**TASK DIRECTIONS**
Below are records with pictures; copy word for word only the lines between the line with "Chuckit! Super Crunch Ball (2 Pack)" and the line with "Volkswagen Transporter for", inclusive, and drop the pictures.

**MATERIAL SUPPLIED**
>>

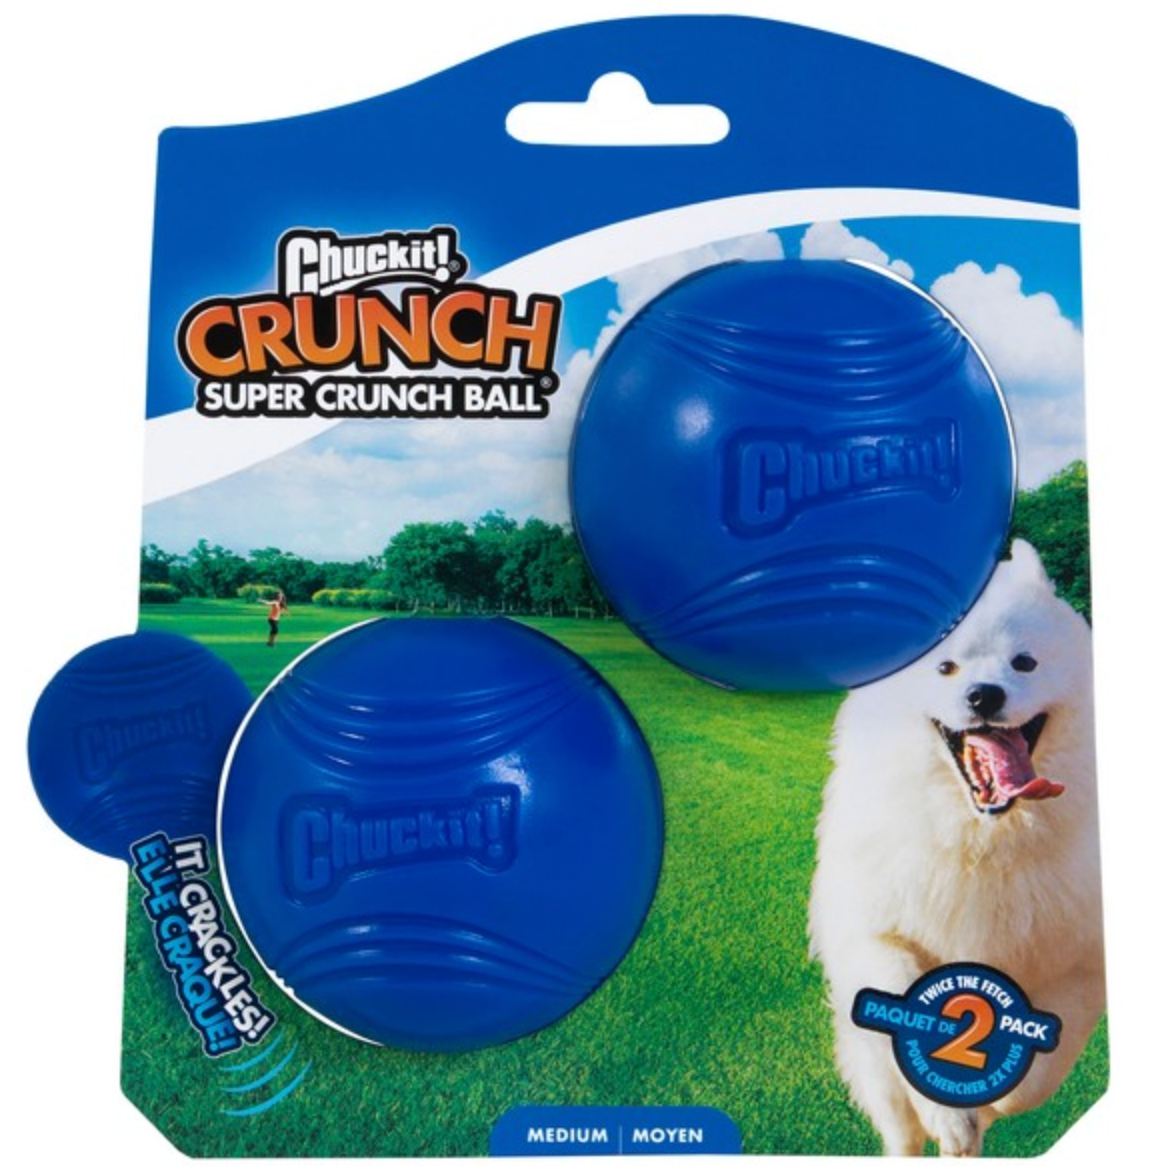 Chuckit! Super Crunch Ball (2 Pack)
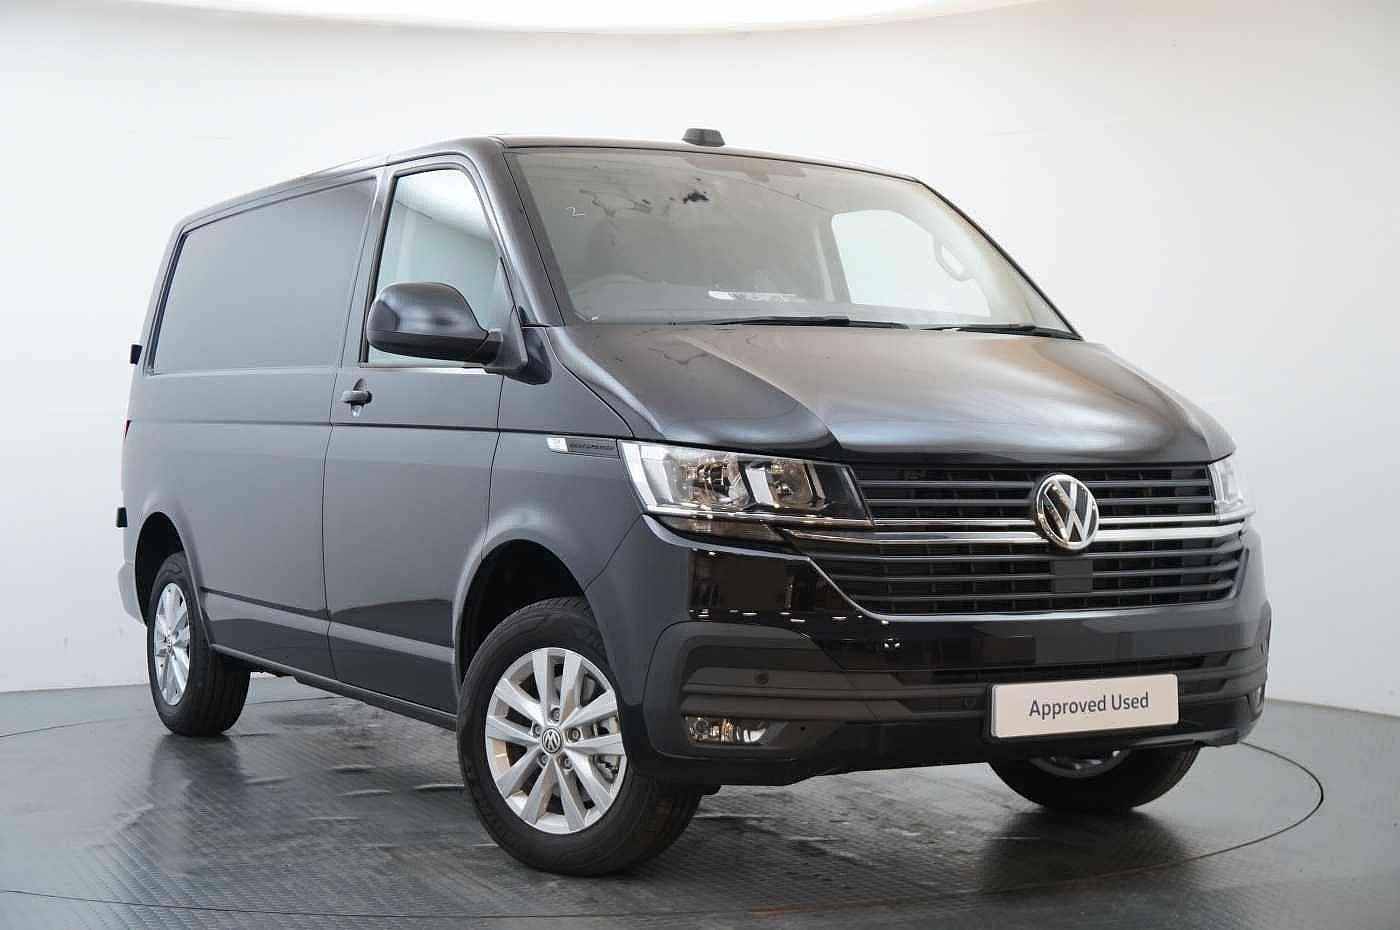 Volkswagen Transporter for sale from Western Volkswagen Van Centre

<<
>>

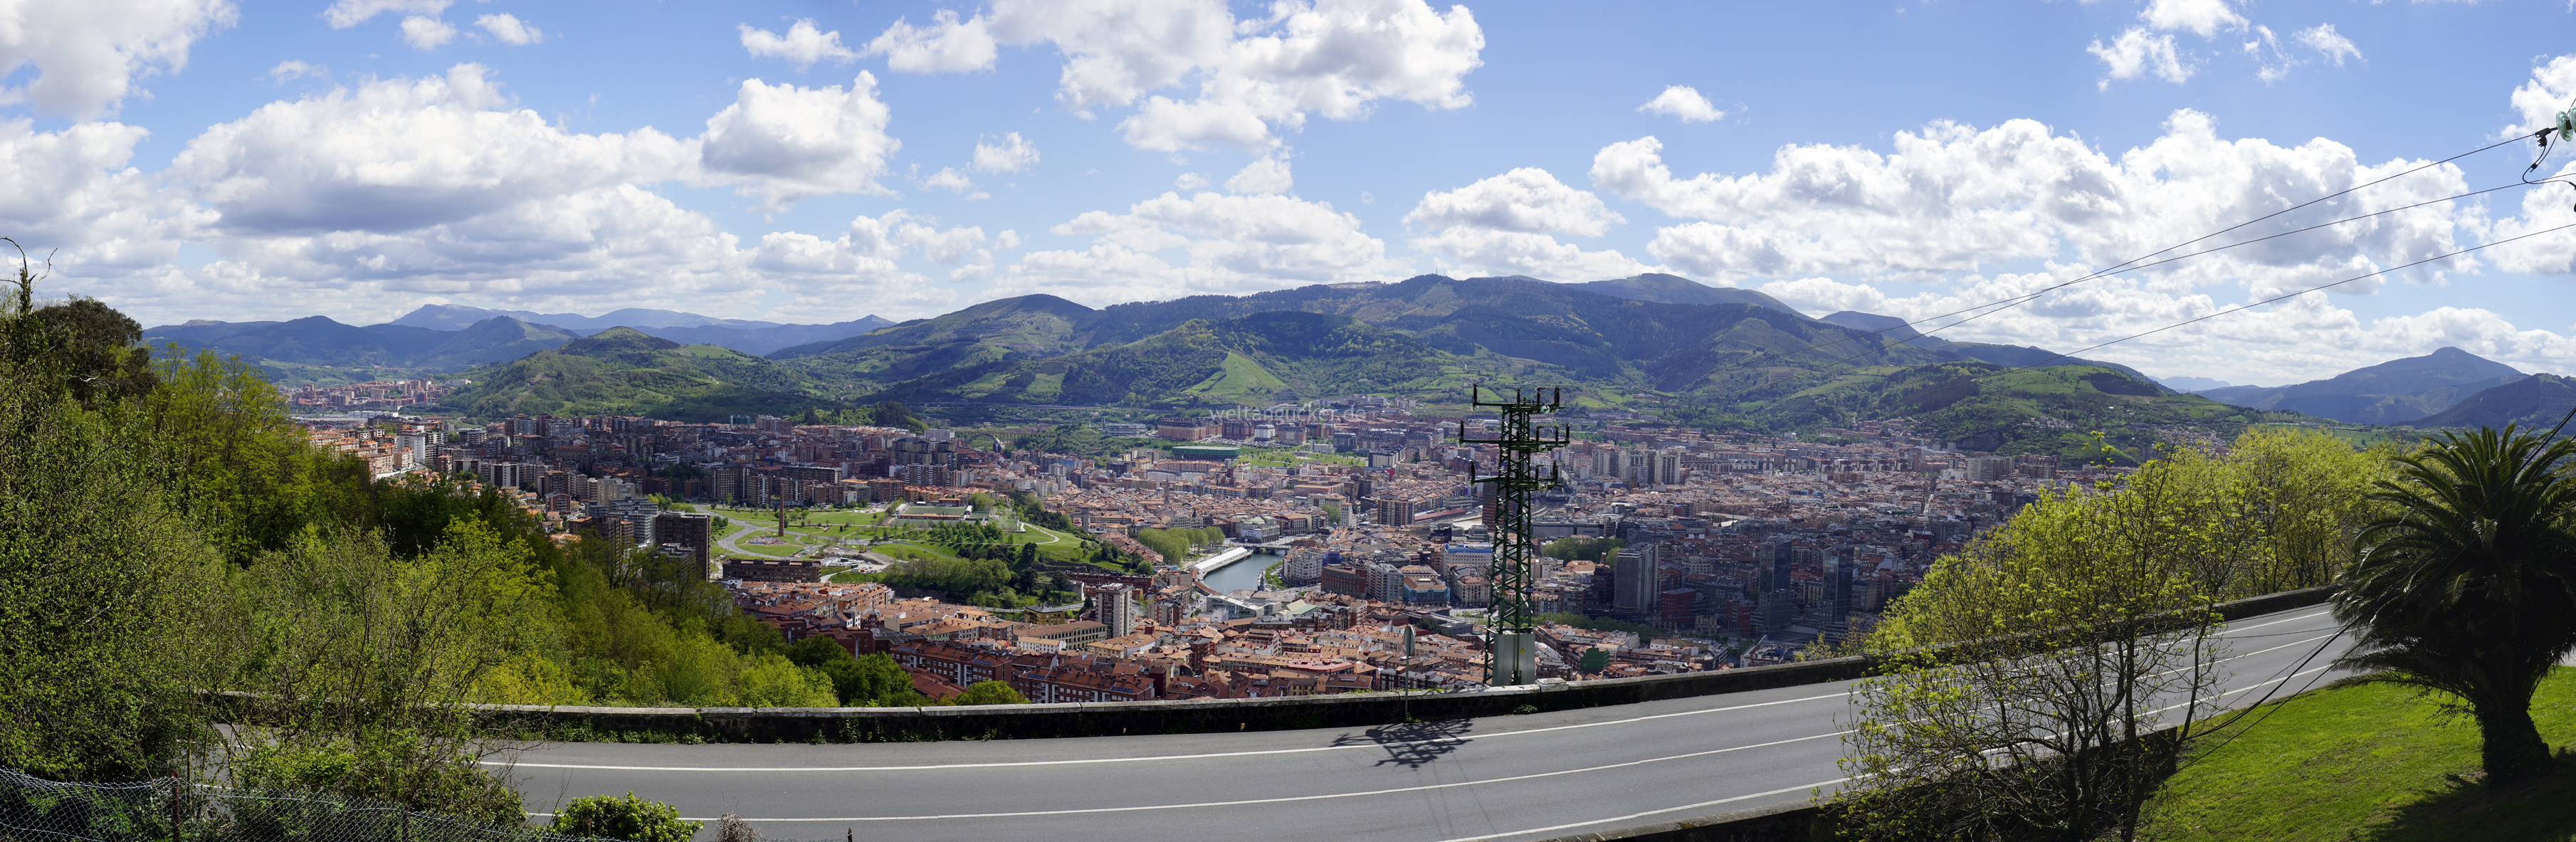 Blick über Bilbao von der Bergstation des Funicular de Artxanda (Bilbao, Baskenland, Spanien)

<<

**WRITTEN REPLY**
 Chuckit! Super Crunch Ball (2 Pack)
 Volkswagen Transporter for sale from Western Volkswagen Van Centre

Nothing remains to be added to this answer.